Guard against prompt injection and out-of-scope responses:

python
import re

BLOCK_PATTERNS = [
    r"ignore previous instructions",
    r"you are now",
    r"disregard your",
    r"forget everything",
]

def check_for_injection(query: str) -> bool:
    lower = query.lower()
    return any(re.search(p, lower) for p in BLOCK_PATTERNS)

def validate_response(response: str, retrieved_chunks: list[str]) -> dict:
    """
    Require that every factual claim in the response is grounded in retrieved context.
    Returns a dict with 'safe' bool and 'reason' string.
    """
    if len(response) < 10:
        return {"safe": False, "reason": "Response too short"}
    if response.lower().startswith("i cannot"):
        return {"safe": True, "reason": "Model declined — may be out of scope"}
    if not any(chunk[:50] in response for chunk in retrieved_chunks):
        # Heuristic: any copied phrase from context
        pass  # rely on RAGAS faithfulness monitoring instead
    return {"safe": True, "reason": "ok"}

LlamaIndex Pipeline with Tracing

python
from llama_index.core import VectorStoreIndex, SimpleDirectoryReader, Settings
from llama_index.core.callbacks import CallbackManager, LlamaDebugHandler

# Enable tracing
debug_handler = LlamaDebugHandler(print_trace_on_end=True)
Settings.callback_manager = CallbackManager([debug_handler])

# Build index from documents
documents = SimpleDirectoryReader("./docs").load_data()
index     = VectorStoreIndex.from_documents(documents)
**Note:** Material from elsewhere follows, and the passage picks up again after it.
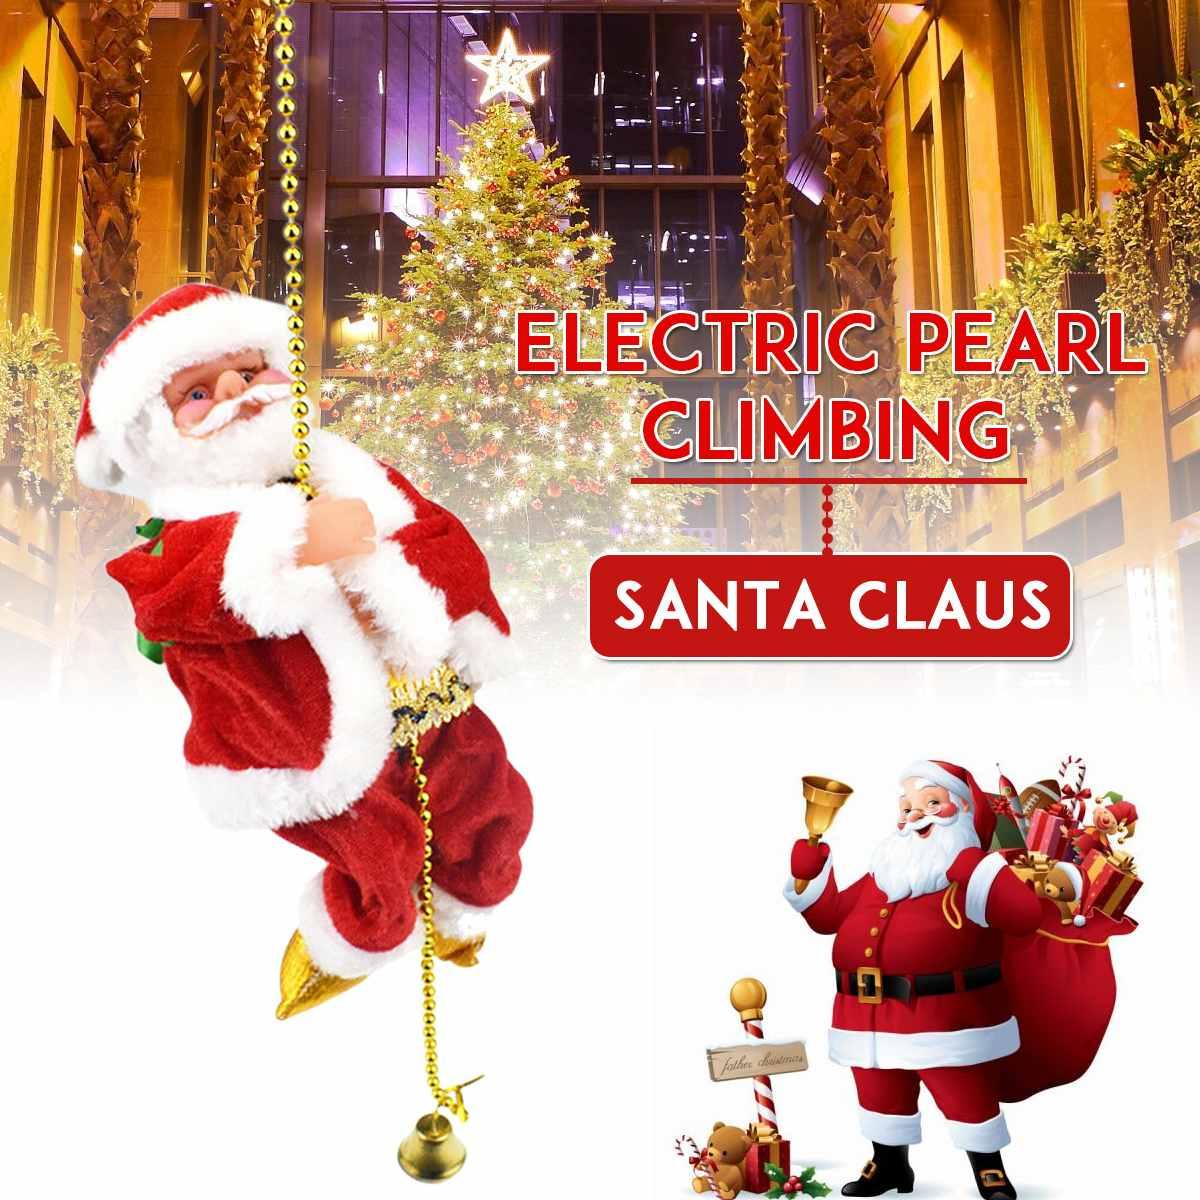 US Electric Santa Claus Climbing Rope Christmas Xmas Funny Plush Toy Decor Gift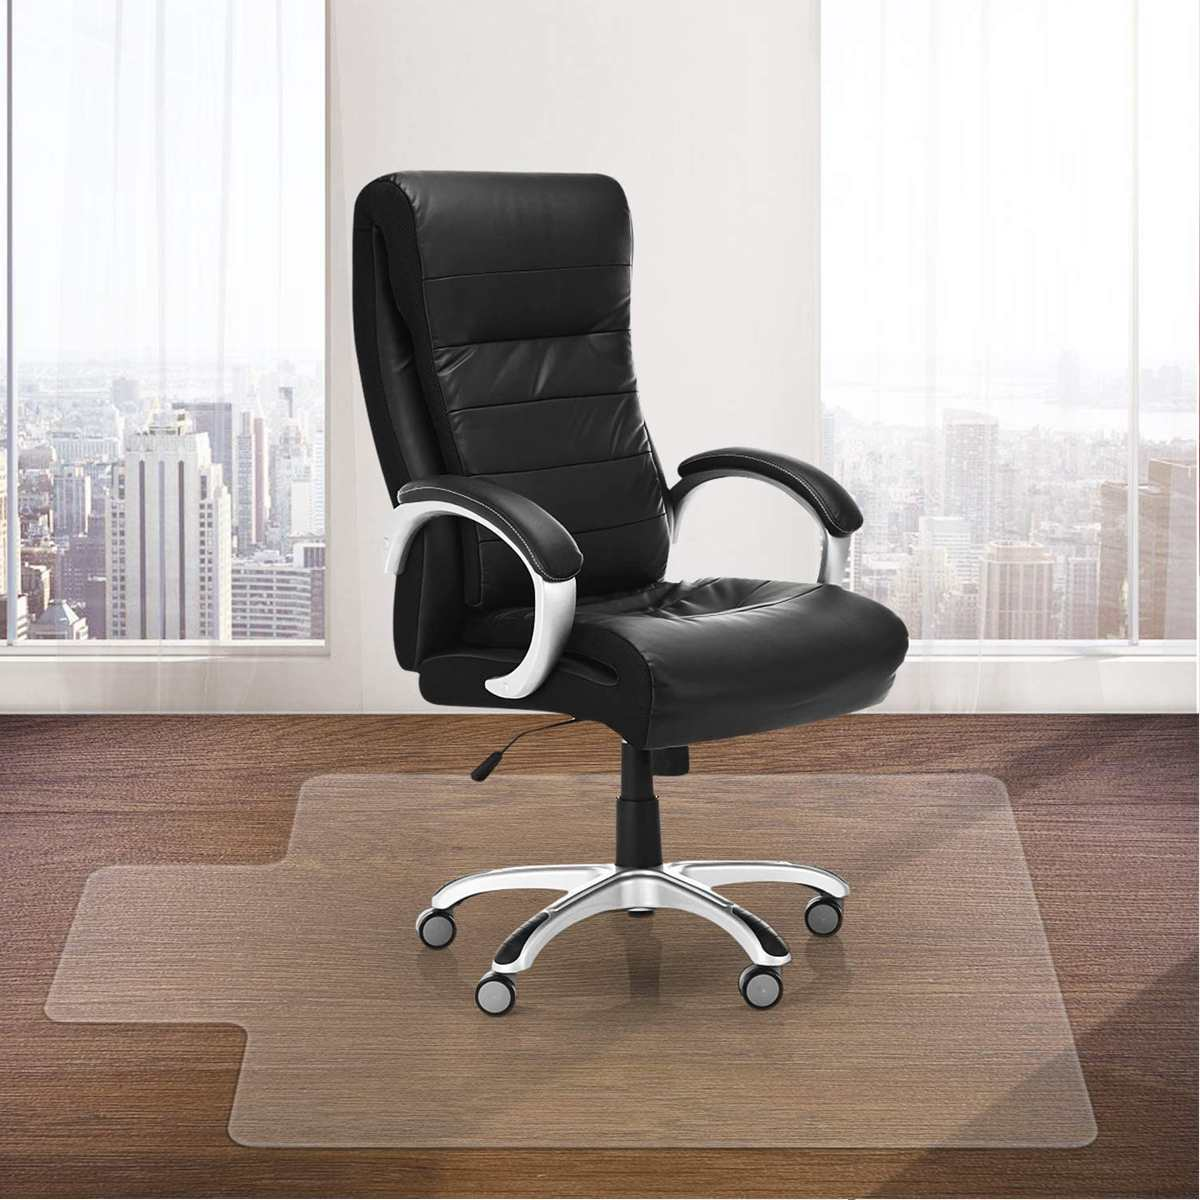 PVC Protector Clear Chair Mat Home Office Rolling Chair Floor Carpet Kitchen Mat Bath Carpet Living Room Floor Mat Without Chiar

# Create query engine with hybrid retrieval
query_engine = index.as_query_engine(
    similarity_top_k     = 10,
    response_mode        = "compact",
    streaming            = True,
)

response = query_engine.query("What is the Gadaa governance cycle?")
for token in response.response_gen:
    print(token, end="", flush=True)

The LlamaDebugHandler logs every retrieval and LLM call with timing information — essential for finding the bottleneck in a slow query.

Deployment Architecture

bash
# docker-compose.yml (simplified)
services:
  rag-api:
    image: gadaalabs/rag-api:latest
    environment:
      - QDRANT_URL=http://qdrant:6333
      - REDIS_URL=redis://redis:6379
      - OPENAI_API_KEY=${OPENAI_API_KEY}
    ports: ["8000:8000"]

  qdrant:
    image: qdrant/qdrant:latest
    volumes: ["./qdrant_data:/qdrant/storage"]

  redis:
    image: redis:7-alpine
    command: redis-server --maxmemory 512mb --maxmemory-policy allkeys-lru

Summary

  • Decompose latency by stage before optimising — the bottleneck is usually LLM generation, not vector search.
  • Stream LLM responses to users immediately; this alone reduces perceived latency by 60–80%.
  • Add a semantic cache with cosine similarity thresholding to skip expensive pipeline calls for repeat queries.
  • Defend against prompt injection with pattern matching and enforce output schema validation before returning responses.
  • Use LlamaIndex tracing or OpenTelemetry to instrument every pipeline stage in production for debugging and SLA monitoring.